I'm usually very careful when I thread the heddles.  Warping is my least favorite part of the weaving process so I would be happier if it took less time but you can't rush it either.  If you get one warp thread in the wrong heddle and don't notice it until you have the rest of your warp finished it is a huge amount of work to tear it all out and do it again.  So I'm careful.  I guess I'm better at threading the heddles than I realized because for the first time I needed to make a repair heddle.

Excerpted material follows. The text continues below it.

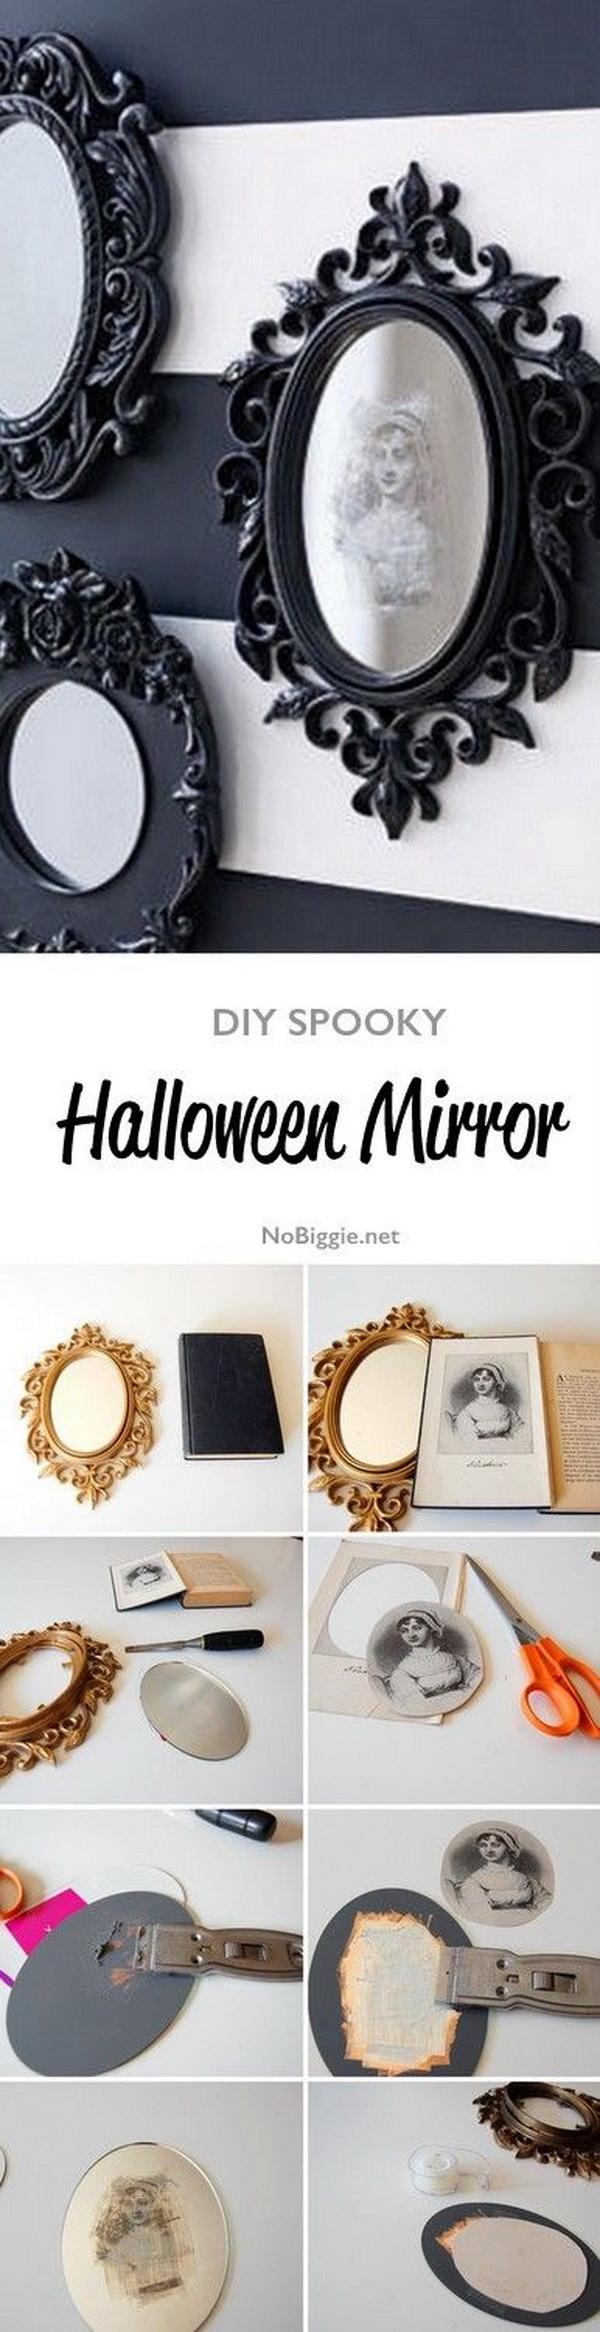 DIY Spooky Halloween Mirror.
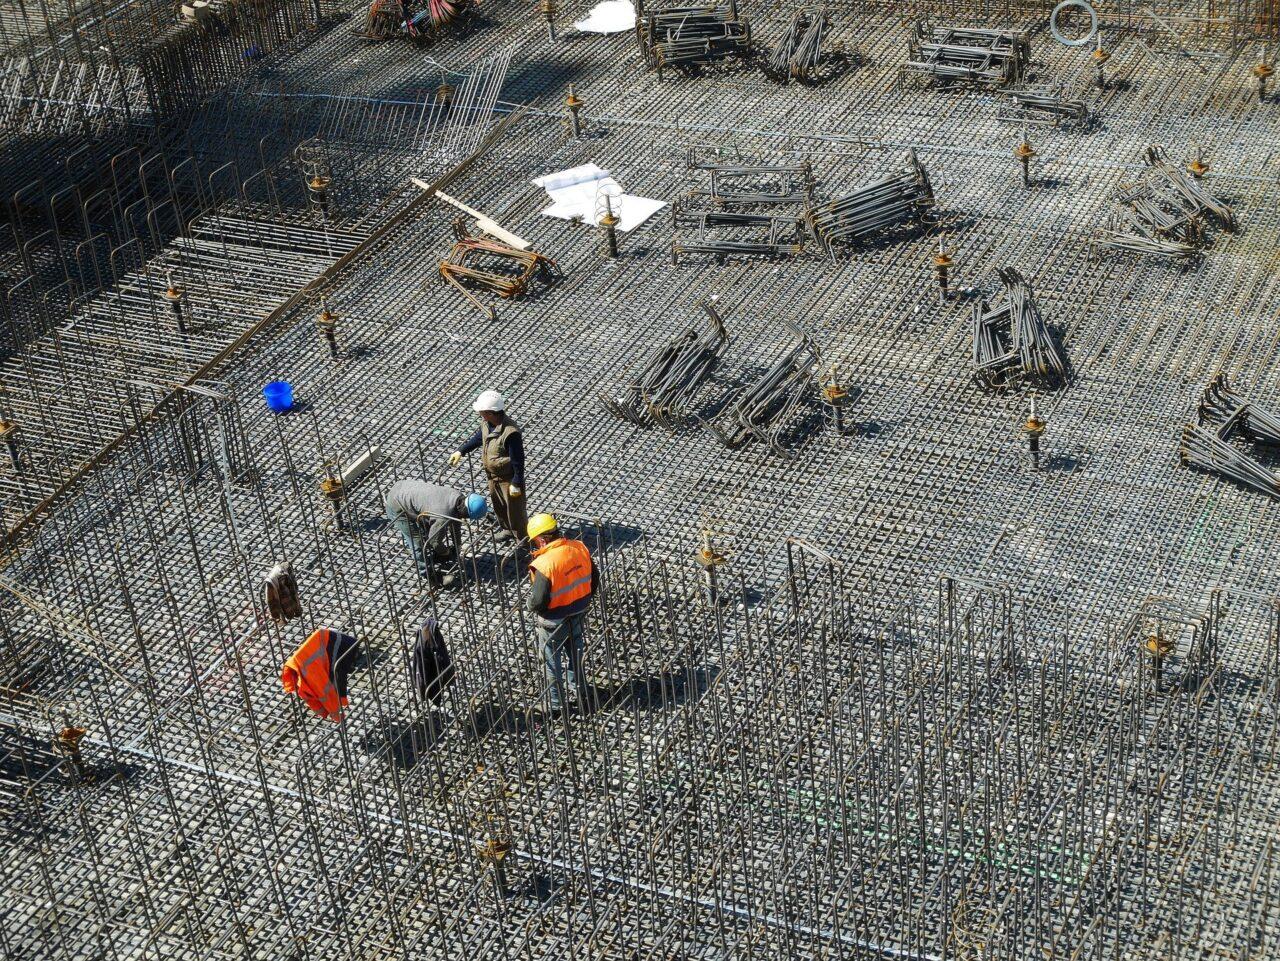 construction-site-1359136_1920-1280x961.jpg

Regardless of what it sounds like, a repair heddle is not to fix a broken heddle.  It's to fix a mistake in threading the heddle.  In this case I had one warp thread that should have been threaded into a heddle on the 5th harness and I threaded it into a heddle on the 6th harness.  Oops.  I figured it out when I started weaving and realized there was a mistake in the pattern.  At that point I had three choices.  I could keep weaving and live with the mistake in the pattern.  I could tear out and re-threaded about 200 warps threads.  Or I could make a new heddle and fix the mistake by re-threading the one warp thread that was wrong.

The repair heddle is made with a safety pin at each end so it can be attached to the harness.  The center of the new heddle is made of string or in this case cottolin weaving yarn that is strong and not at all stretchy.

Using t-pins to tie against, the center eye is created with a couple of strong knots.  In the end you get a new heddle you can slip onto the harness frame and thread as needed. 

Once the warp thread has been removed from the heddle in the wrong location it is threaded through the new heddle.  Voila!  The warp is exactly where it would have been if I had been paying more attention in the beginning.

By the way, I had to look up how to make my repair heddle.  I knew I needed to make one but not how to do it.  It took me just a few minutes and was totally satisfyingly wonderful.